- **YOUR GOAL**: Leaving out the images, return the data below exactly as it is written.

- **DATA EXCERPT**:
▼
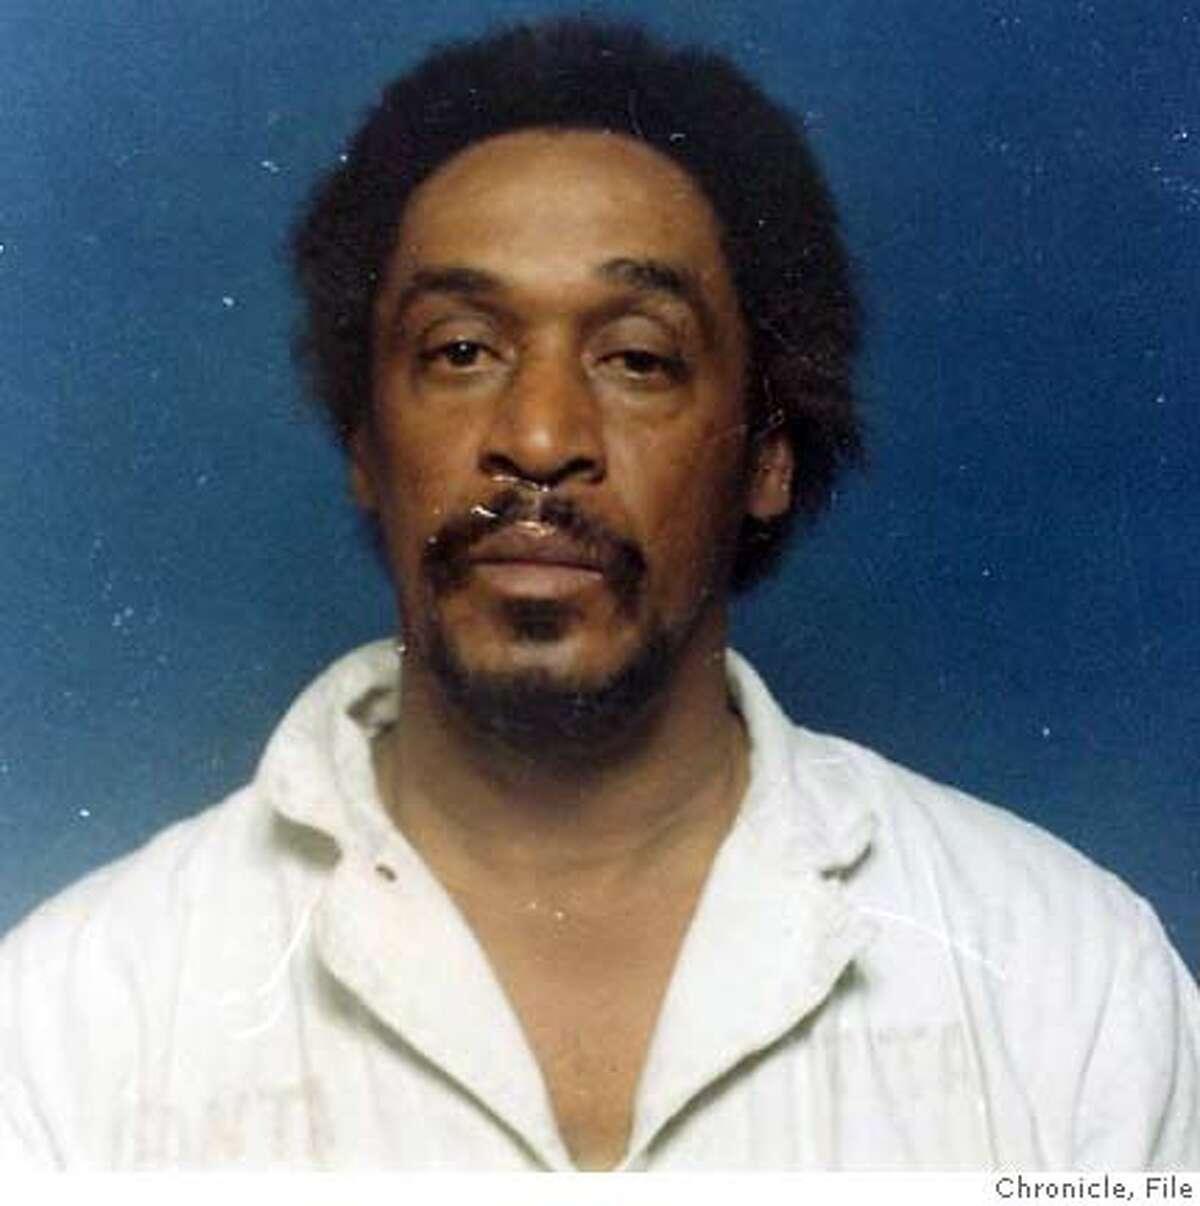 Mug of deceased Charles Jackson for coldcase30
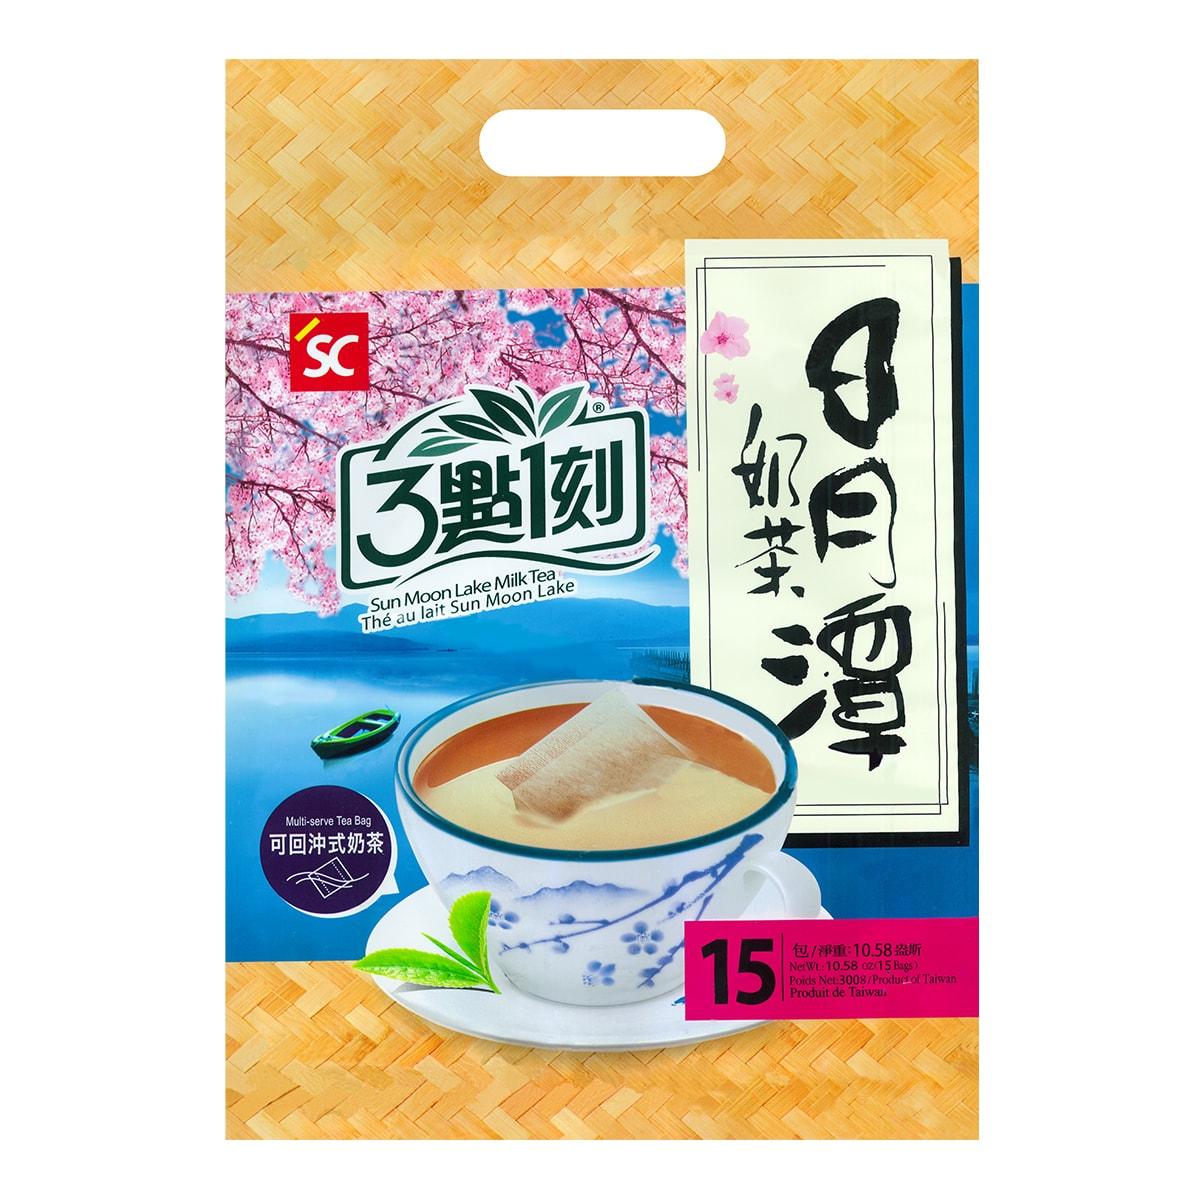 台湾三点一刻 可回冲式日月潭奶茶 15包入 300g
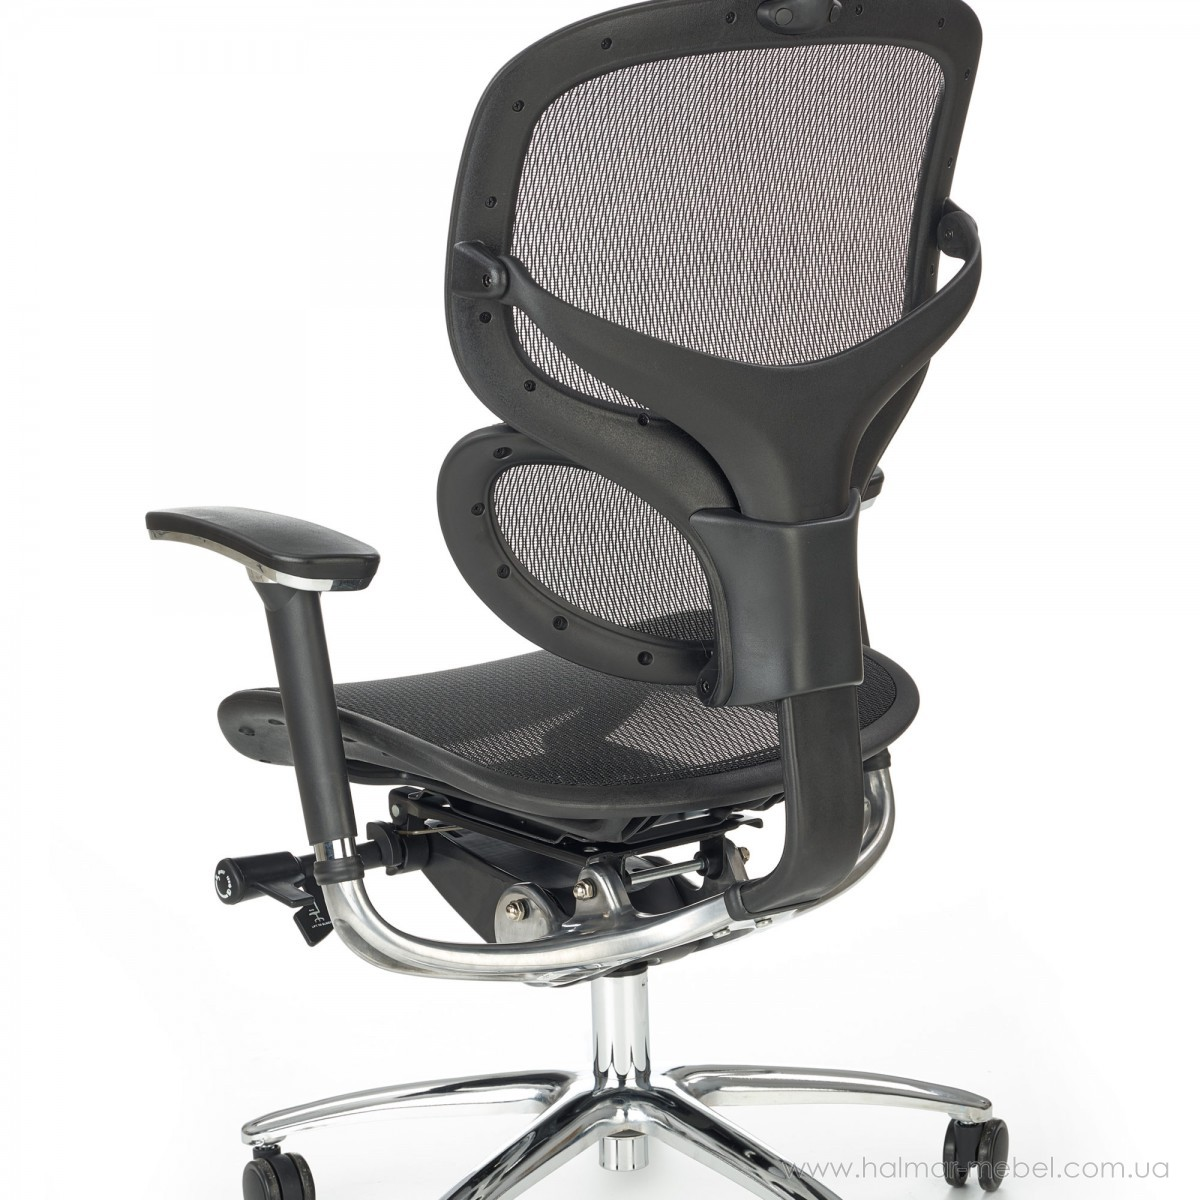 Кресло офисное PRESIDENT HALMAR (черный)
▲
- **EXERCISE RESPONSE**:
 Mug of deceased Charles Jackson for coldcase30
 台湾三点一刻 可回冲式日月潭奶茶 15包入 300g
 Кресло офисное PRESIDENT HALMAR (черный)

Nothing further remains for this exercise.